Unable to resolve identifier on netbeans

I'm keep getting this "Unable to resolve identifier file" message on netbeans.
I'm new in c and netbeans.
It was fine last night but somehow after rebooting my computer this message keep occurs.
Here's a code. What would be the problem?
#include <stdio.h>
#include <stdlib.h>
#include <string.h>
int main(int argc, char** argv) {
char filename[] = "text.dat";
char line[5];
FILE *file = fopen(filename, "r");
return 0;
}
I know this is an old post, but I ran into the same issue today. Don't be too quick to assume a compiler-supplied header file is defective. That is rarely the case, especially for headers such as stdio.h that have been around a long time.

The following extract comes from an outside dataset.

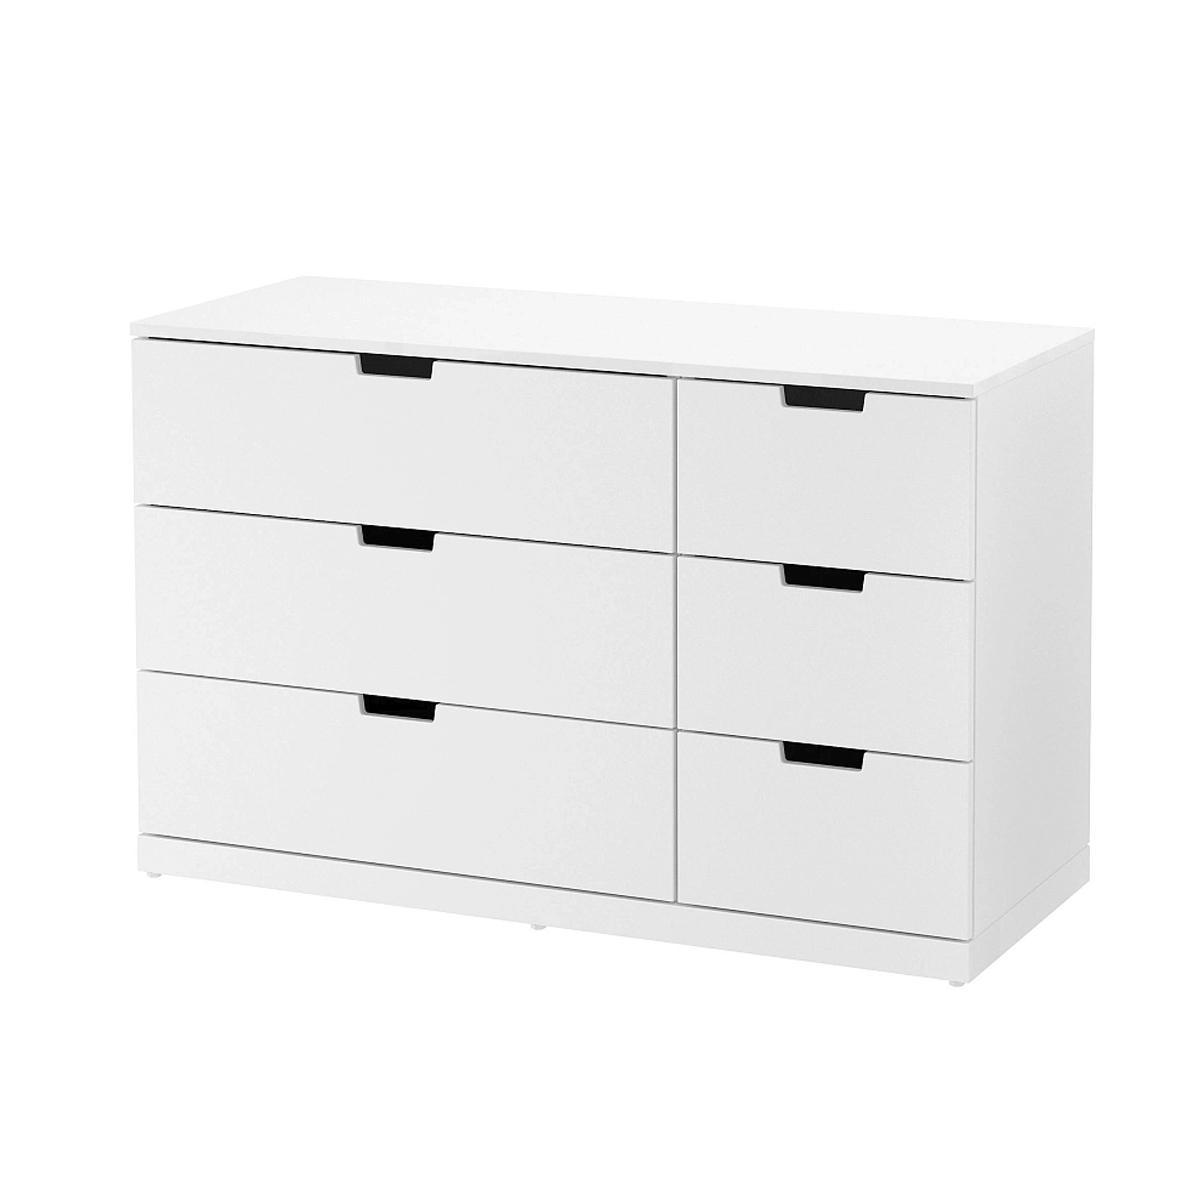  Комод Нордли white ИКЕА (IKEA) изображение товара
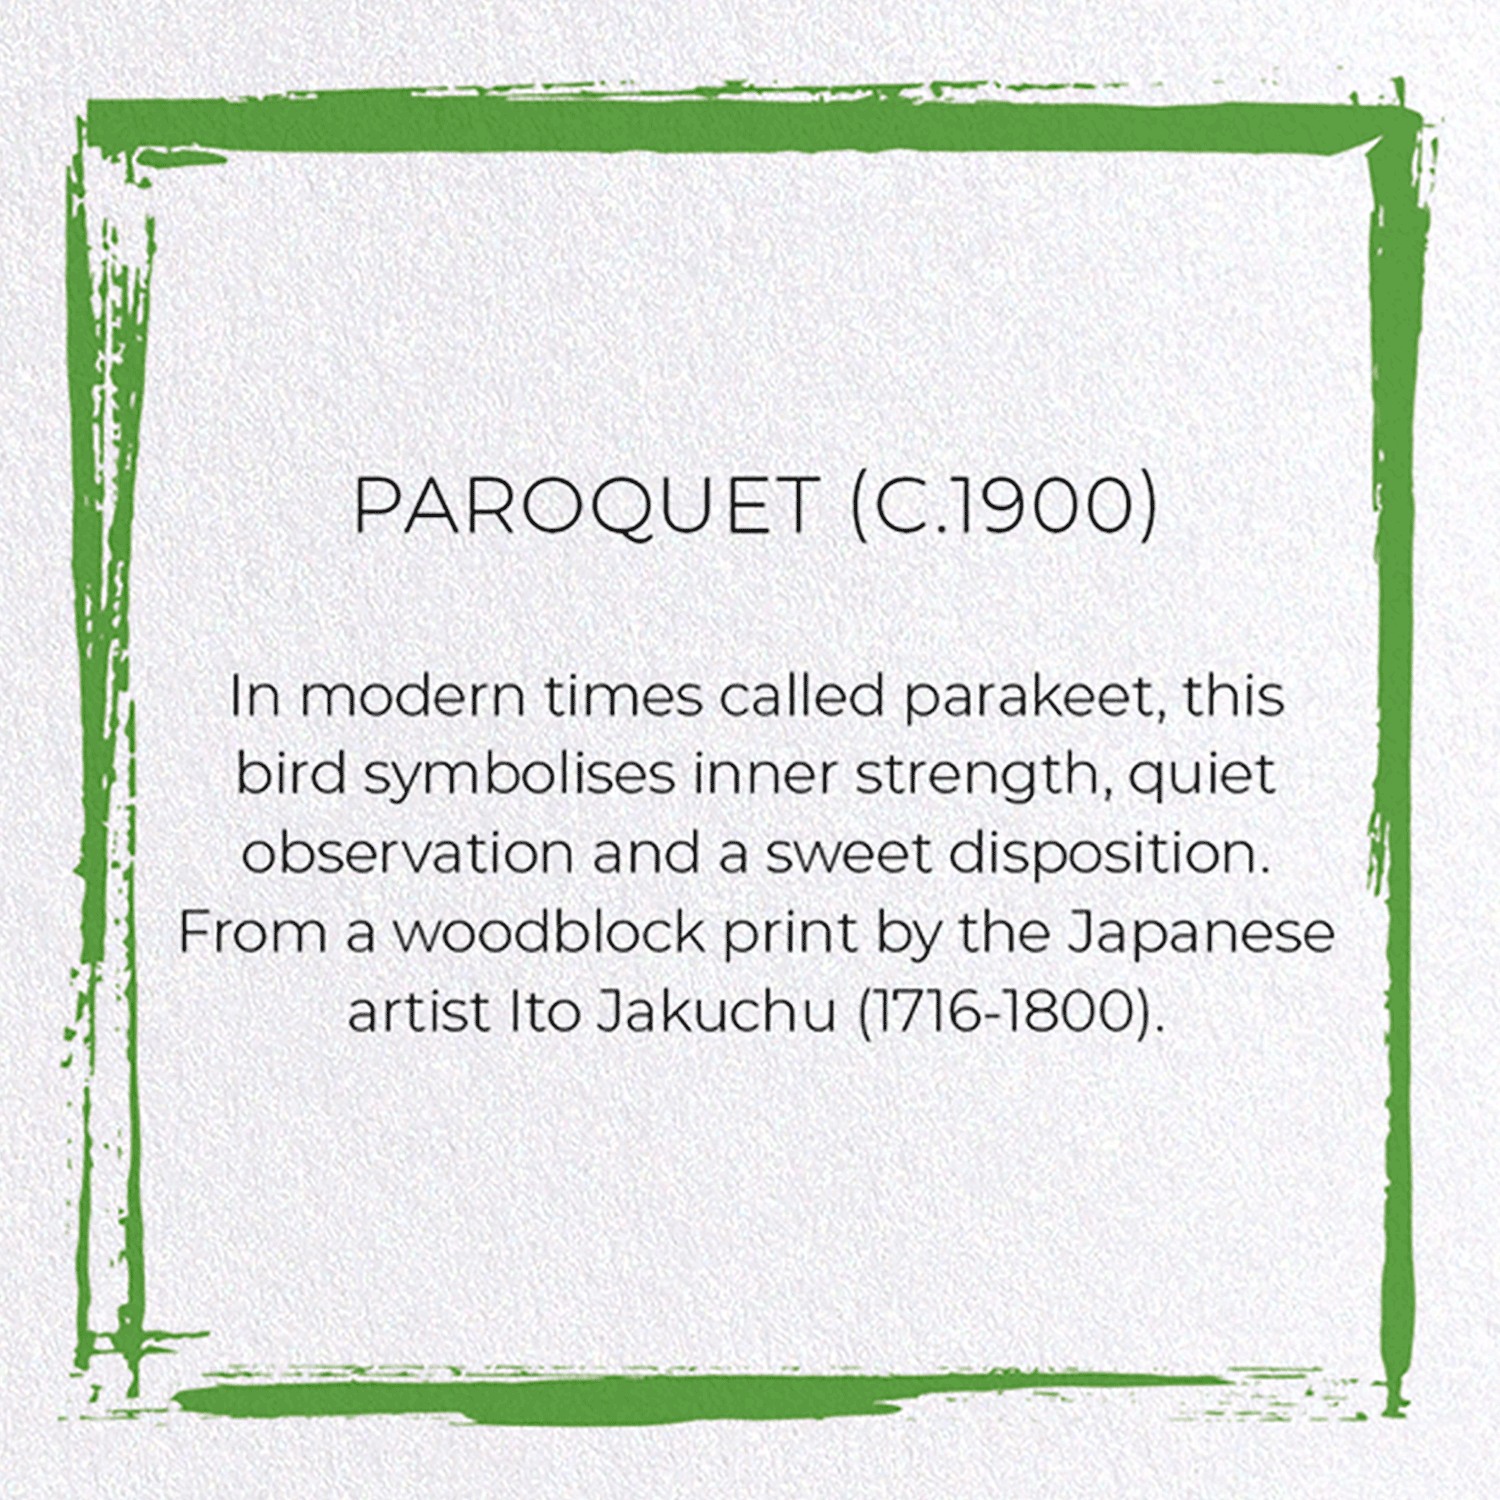 PAROQUET (C.1900)

Keep in mind that Netbeans code assistance references the includes used within your source code. Any macros that are used by the compiler must be defined to Netbeans. A file such as stdio.h may have conditional includes based on one or more macros. Unless Netbeans is aware of those macros it cannot apply them when it processes include files to provide code assistance. This would prevent conditional headers containing symbols from being loaded.
For example, today I saw that an include file I use has many conditional includes and the symbols Netbeans reported it could not resolve were defined in those files. Knowing that I was building for a particular processor I determined the macro needed for the proper file to be included within . I then defined that macro in Project Properties/Code Assistance/C Compiler/Preprocessor Definitions. At that point Netbeans was able to resolve the symbols.